Luiz Eduardo Costa
Luiz Eduardo Costa | Jornalista
BELIVALDO PENEIRANDO APOIOS
12/10/2018
BELIVALDO PENEIRANDO APOIOS


O resultado da eleição em Sergipe foi surpreendente, seguindo a rota do que sucedeu pelo Brasil afora. Candidatos que se consideravam eleitos despencaram, até para humilhantes posições. Outros, novatos desconhecidos, sem bases partidárias, sem recursos, elegeram-se. Isso revitaliza o processo democrático, porque vai entronizando o voto livre, e retirando do trono os que se consideravam donos dele.

Elegeu-se o jovem delegado de polícia Alessandro. Quem votou nele apenas ouvira falar que num determinado momento ele procurou conduzir um inquérito para apurar corrupção.
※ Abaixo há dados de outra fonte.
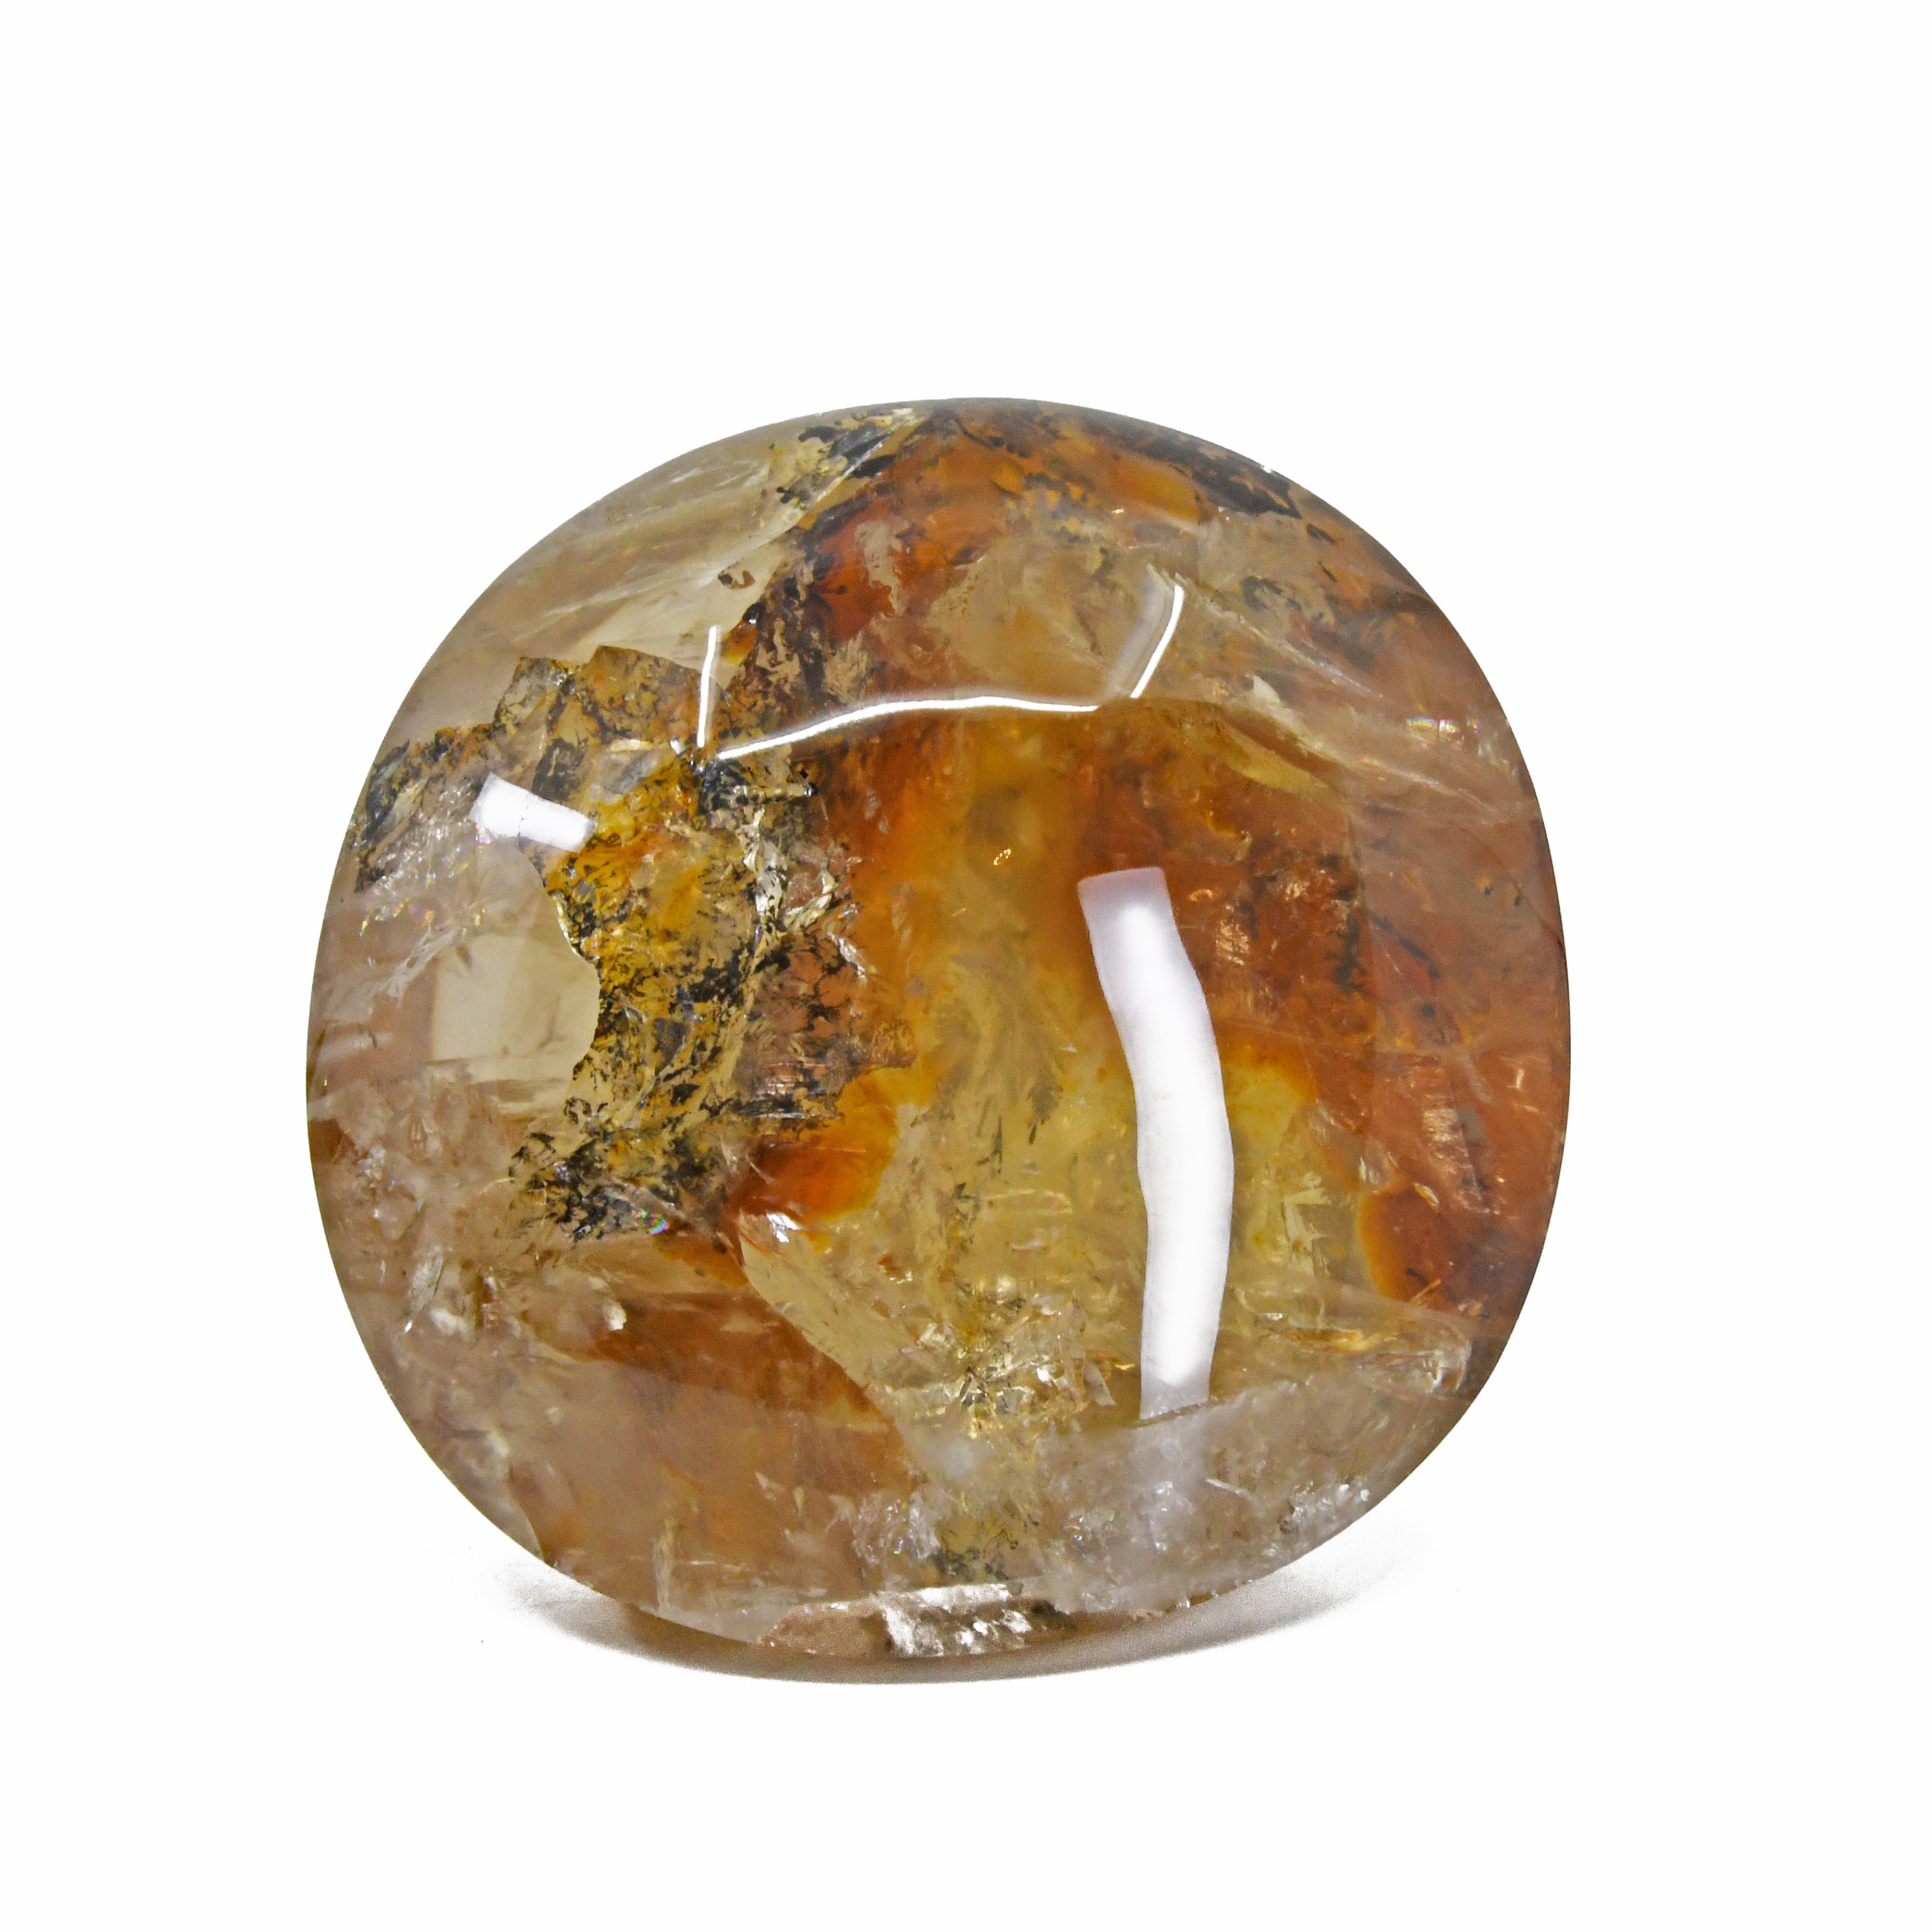 Dendritic Quartz 6.25 inch 5.45 lb Polished Natural Crystal - Brazil - GGH-215 - Crystalarium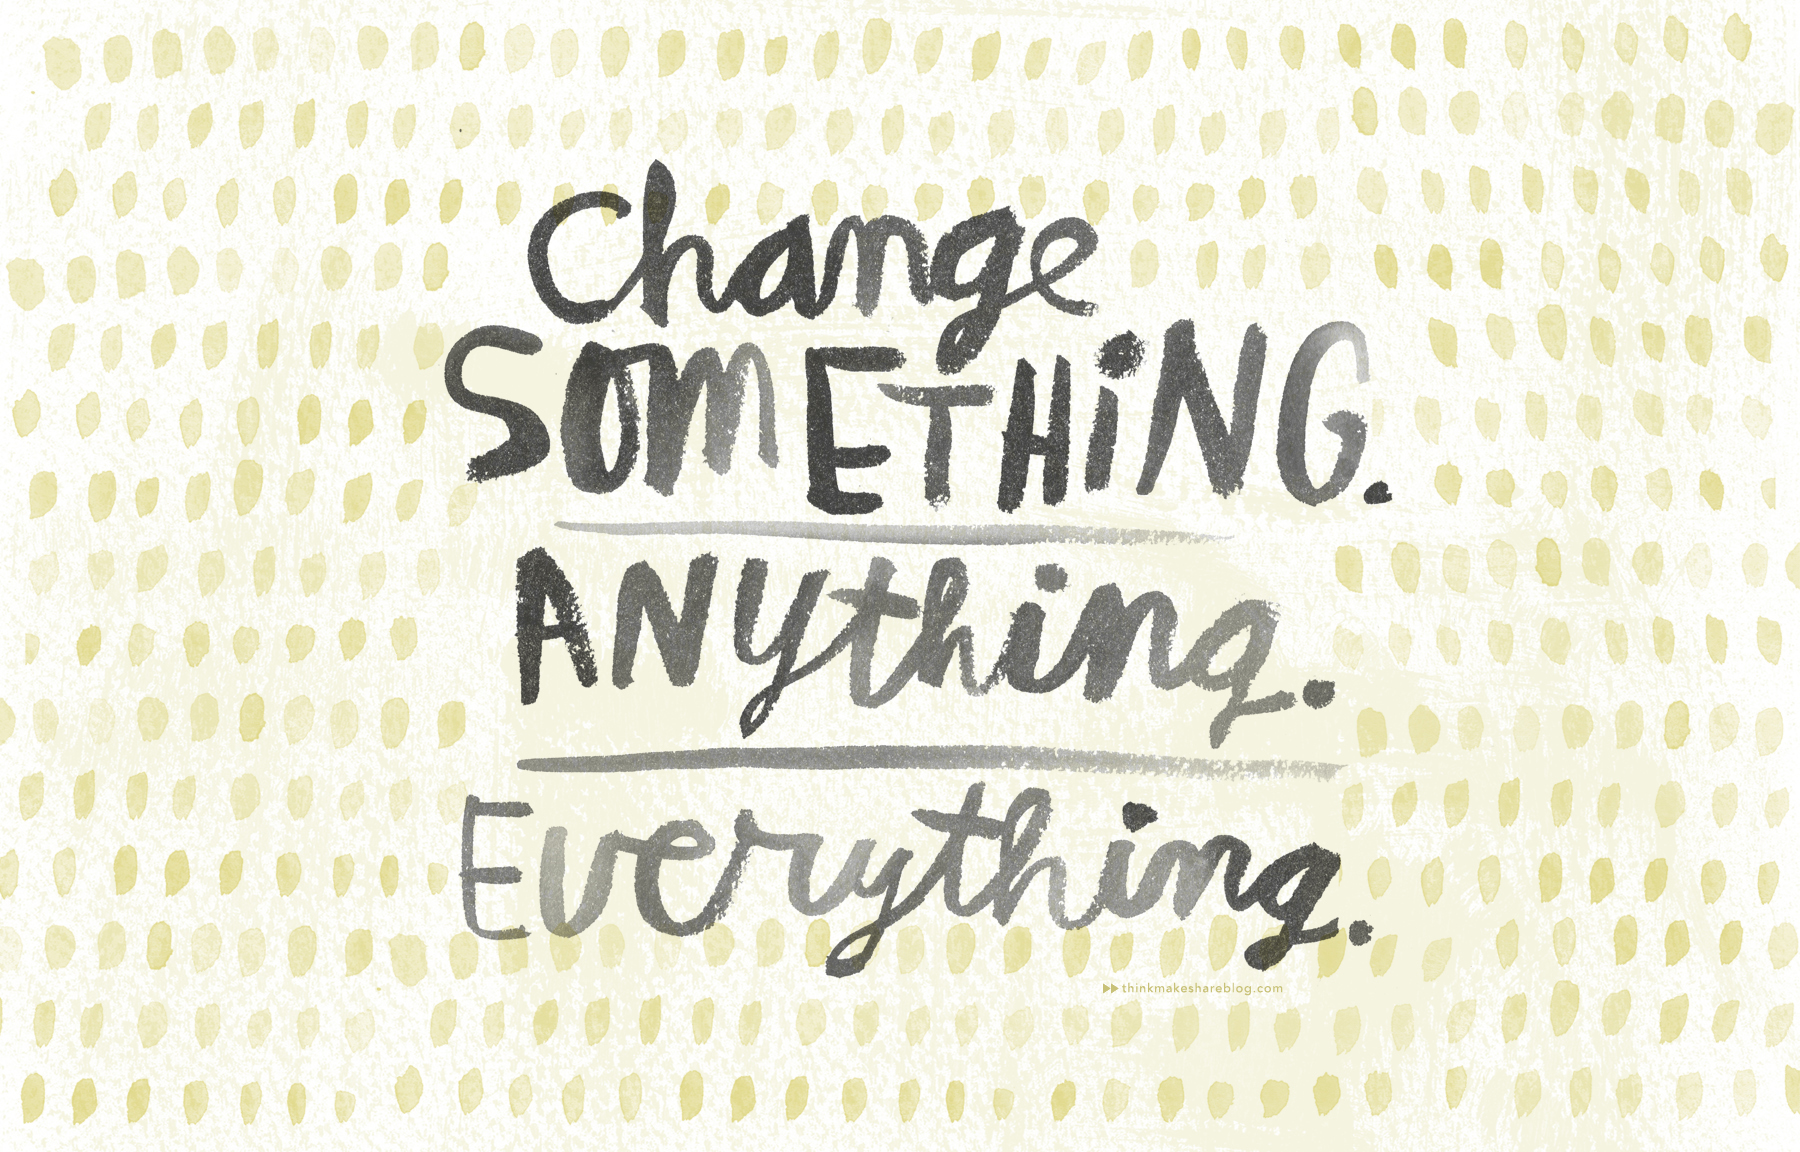 Digital wallpaper for a season of change.Make.Share

O delegado talvez nem tenha percorrido um terço dos municípios sergipanos, mas para ele surgiram votos em quase todas as urnas nos mais isolados vilarejos.

André Moura, apontado em todas as pesquisas em segundo lugar e avançando para ultrapassar o líder desde início o senador Antônio Valadares, chegou mesmo a ultrapassá-lo, mas juntos na derrota, todavia bem à frente do senador, que, para desgosto maior, perdeu, tanto ele como o filho, as eleições no seu município, Simão Dias, raiz da sua família, local onde nunca esperariam sofrer tamanho revés.

Em relação ao deputado André Moura teria pesado muito sobre ele a astronômica rejeição do malsinado presidente Temer. André procurou evitar durante toda a longa campanha na qual se empenhou, a alusão ao importante posto que desempenhava no Congresso, era o articulador direto de Temer. Carreou para Sergipe vultosas verbas federais (seus adversários contestam os números) tinha o apoio de quase setenta prefeitos dos setenta e cinco existentes. Melhorara muito a imagem em Aracaju, onde era mais fortemente associado a Temer e Eduardo Cunha, quando salvou a realização do Forrocaju, ameaçado por falta de verbas. O prefeito Edvaldo Nogueira destacou sempre o ajuda de André, mas na eleição votou em Jackson e Rogério.

Jackson Barreto,  antigo campeão de votos em tantos memoráveis pleitos, numa época em que chegou a ter mais de setenta por cento dos votos dos aracajuanos, não conseguiu repetir seus sucessos, o último deles a vitória para a reeleição ao governo, onde chegara com a morte de Marcelo Déda de quem era vice. Eduardo Amorim sofreu uma fragorosa derrota. No caso de Jackson houve, agora, além da ¨fadiga de material¨ o surgimento insistente nas mídias daquela afirmação desastrosa que fizera numa entrevista ao radialista Gilmar Carvalho: ¨Eu não serei candidato a nada vou permanecer no governo até o fim, e se eu for candidato não votem em mim.¨  O povo obedeceu a recomendação, e o velho guerreiro das causas populares, ensarilha suas armas,  e parece disposto a  desfrutar de um merecido repouso. Ele animou-se para a disputa, mesmo com os desgastes no governo, provocados em grande parte pela perseguição mesquinha que lhe moveu o nada republicano presidente Temer.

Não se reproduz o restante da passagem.